When there’s a 14th-century Arabic sex manual on the syllabus, there’s got to be some connection.
That’s exactly what Garrett Davidson hopes for his students: that they come to see what they have in common with a people and a culture that are so foreign to them. He wants those connections to lead his students to a more informed understanding of the Arab world and its cultures as a whole.
“It is very rewarding to see students engage with a text across so much time and space and connect with their very-distant authors and realize they have more in common with them than they first imagined,” says Davidson, assistant professor of Arabic and Islamic studies in the College’s Asian Studies Program. This past semester, he taught courses on Arabic cinema and Arabic literature – both with the same ultimate goal: to foster connections with a part of the world that students might otherwise not know.
“This is a region that’s very misunderstood,” says Davidson, adding that 21st-century American cinema hasn’t helped the matter. “Arabs tend to be villainized and dehumanized in Hollywood films. So, one of the goals is to humanize them for these students – to connect them to these societies in a way that challenges their perceptions.”
And what better way to make that connection than with movies?
“This course explores political and social issues that are very foreign to students – and in a very foreign environment. So, using a medium that they are so familiar with – that they are comfortable with – makes it more approachable,” says Davidson, noting that the course includes films from all over the Arabic world, from Morocco to Iraq, providing the perfect channel for exploring any number of political, historical and cultural issues. “These films are exposing them to important themes in modern Arab societies and cultures in ways they really connect with.”

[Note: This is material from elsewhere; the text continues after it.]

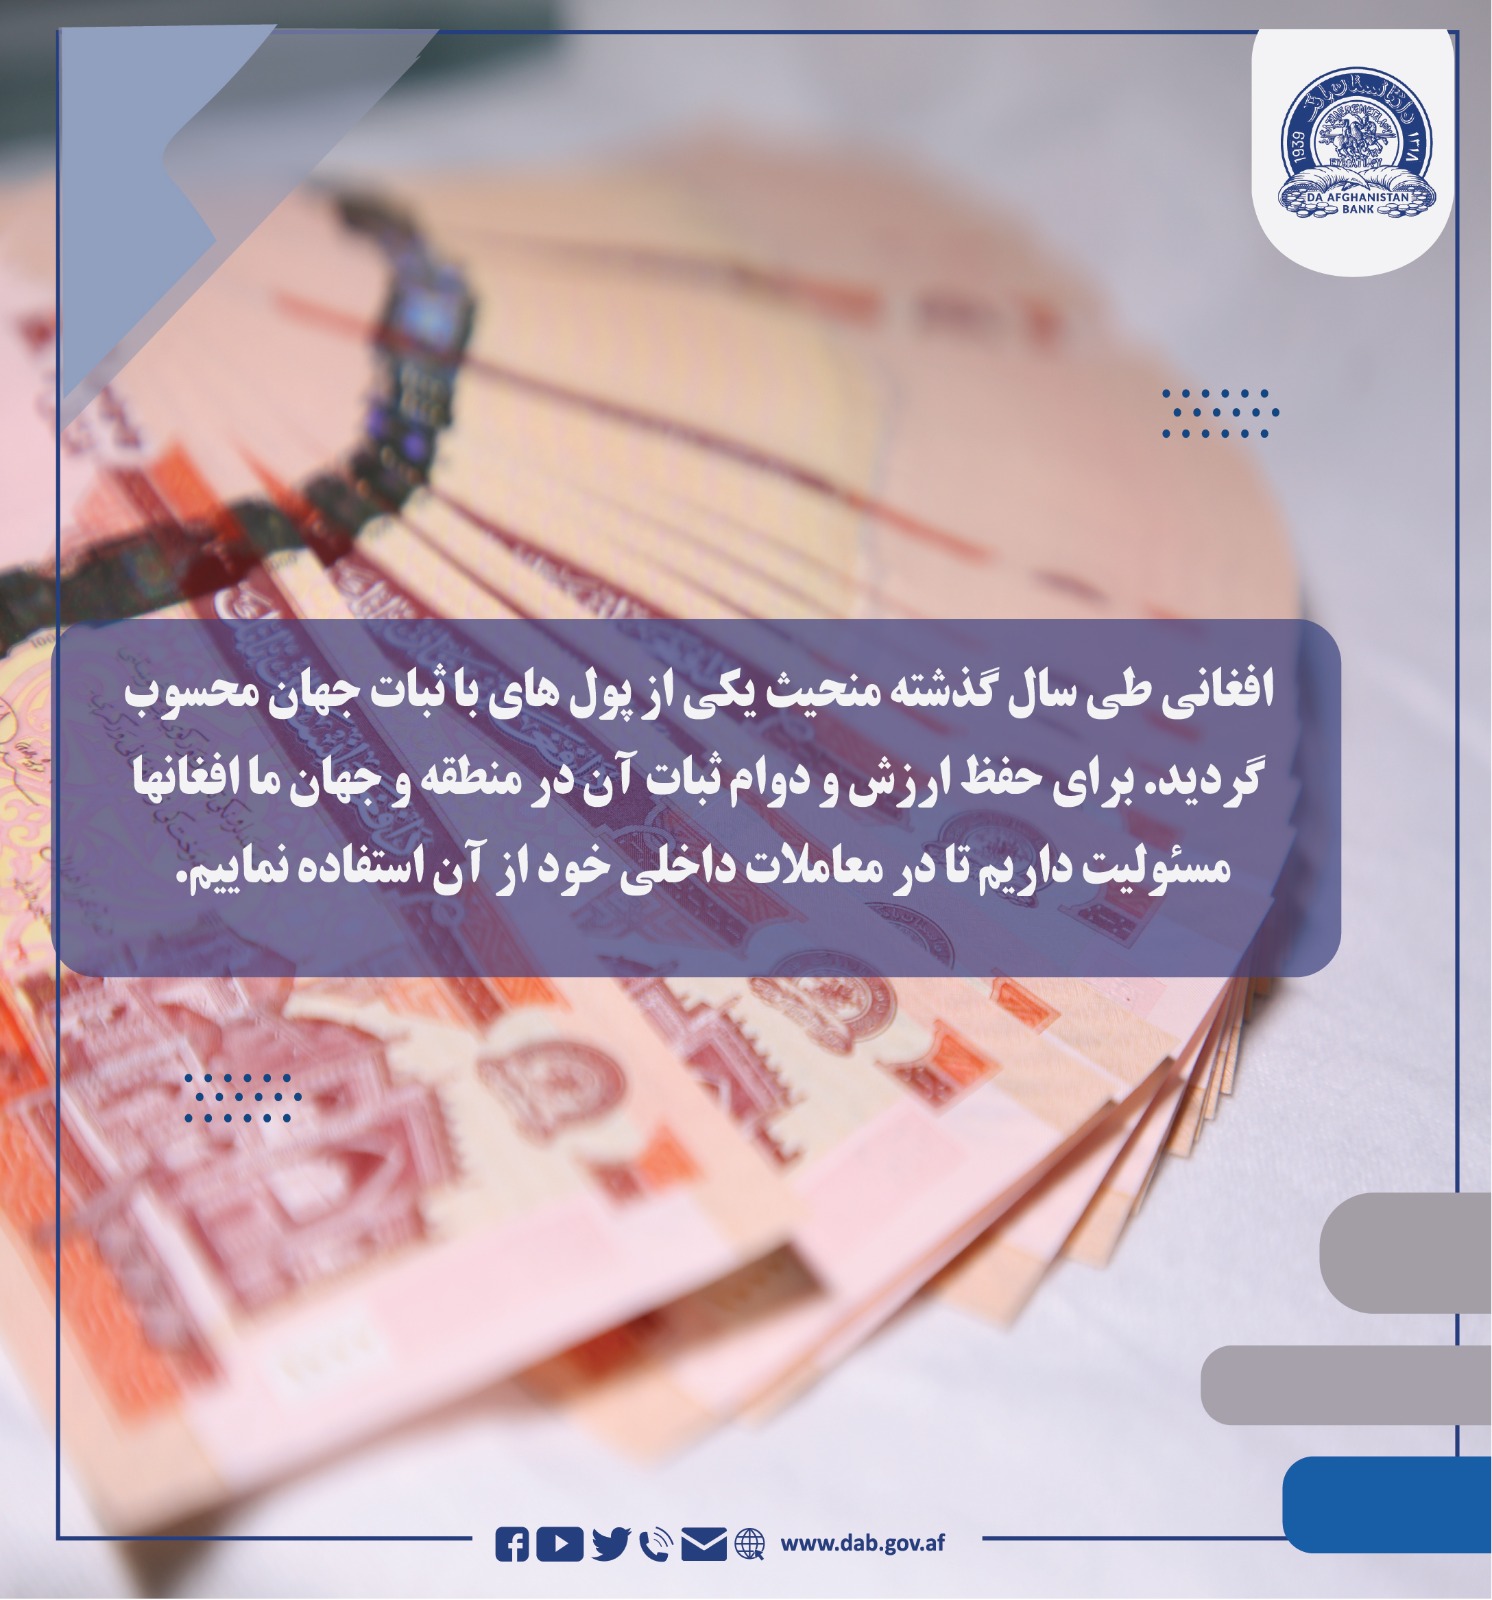 افغانی طی سال گذشته منحیث یکی از پول های با ثبات جهان محسوب گردید

Davidson knows that this kind of exposure to an unfamiliar world can change everything for a student. It’s what motivated one former student to follow up his Arabic cinema course with a semester in Morocco. It’s also what led Davidson himself to his passion for Arabic studies, particularly Arabic manuscripts.
“My interest started when I was an undergrad at the University of Washington. I became friends with some international students from Kuwait, and that exposure kind of led me to take a course in Arabic,” says Davidson, who went on to study at the University of Kuwait and the American University in Cairo and then live all over the Middle East – from Jordan and Saudi Arabia to Turkey and India. “Part of that was necessity: The manuscripts I study are primary sources that aren’t reproduced, so you have to go to them.”
But, as much as he treasures holding those 800-year-old texts in his own hands and following the handwritten histories scribed in the books’ margins, Davidson understands that sometimes you have to bring the text to the people. And that’s what he does for the students in his Arabic literature class.
“This course introduces students to Arabic literature with a survey of mostly classical works, with a little modern in there, too. It explores the more salient themes in Arabic literature in relation to their greater cultural and historical contexts,” he says. “It uses the text as a mirror of the society that produced it.”
And, sometimes what these texts reflect comes as a surprise to his students. Like that 14th-century sex manual, for example.
“It’s interesting to see how people in a different time and place thought about sex and their bodies,” says Davidson. “This text shows students that Arab culture was in many ways more open and honest about sex than even contemporary American culture is.”
It also shows students that Arab stories are human stories. And that is the fundamental connection.